It's an open secret that Berezovsky's situation has become
substantially more difficult in the past few months. At a Moscow
conference, European Union law enforcement agencies were working
on some new legislation in the area of extraditing criminals; a
Prosecutor General's Office delegation headed by Deputy Prosecutor
General Alexander Zvyagintsev visited London and signed a
cooperation memorandum.

In the meantime, it was reported that Litvinenko visited
Moscow secretly and gave evidence about the Politkovskaya murder.
This allegation was reported in only one newspaper. The Prosecutor
General's Office denied it immediately, and all observers
dismissed it as crazy.

But is that really true?

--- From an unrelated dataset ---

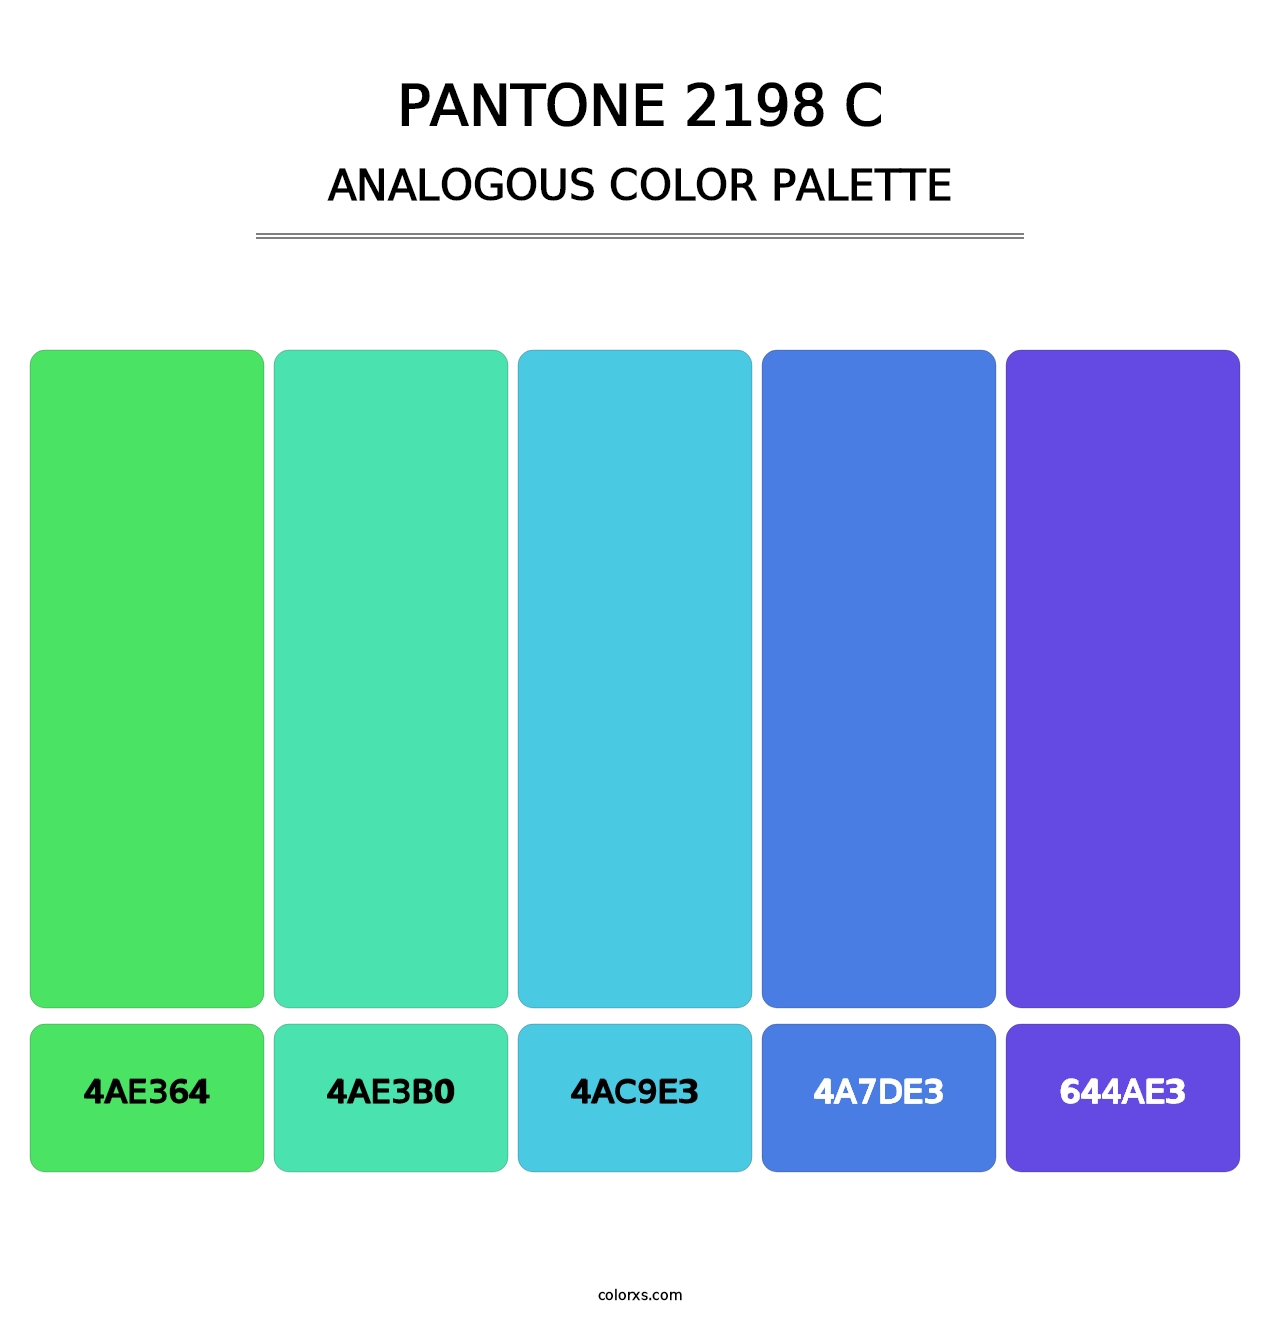 PANTONE 2198 C - Analogous Color Palette

Can we really rule out the
possibility that Litvinenko, sensing that his patron would soon be
extradited, may have been investigating options for his own return
to Russia? It's unlikely that he visited Moscow, but can we rule
out the possibility that he had a meeting in London with someone
from the Prosecutor General's Office delegation, and the newspaper
that reported this simply mixed something up? Even the hint of
such contacts taking place would have sufficed to make Berezovsky
seriously alarmed, to put it mildly. If the chief witness to all
of Berezovsky's turbulent activities had decided to talk, it would
have meant disaster for the oligarch.

Think about where the first traces of polonium were found.
Think about the fact that Litvinenko also visited a security firm
that day. Perhaps his conversation with Berezovsky that morning
turned unpleasant. Perhaps, after that conversation, Litvinenko
feared for his life and tried to hire some bodyguards. But it was
too late.

Revenge by the special services

It is said that the special services never forgive defectors.
What if they really were ordered to "get rid of the traitor"?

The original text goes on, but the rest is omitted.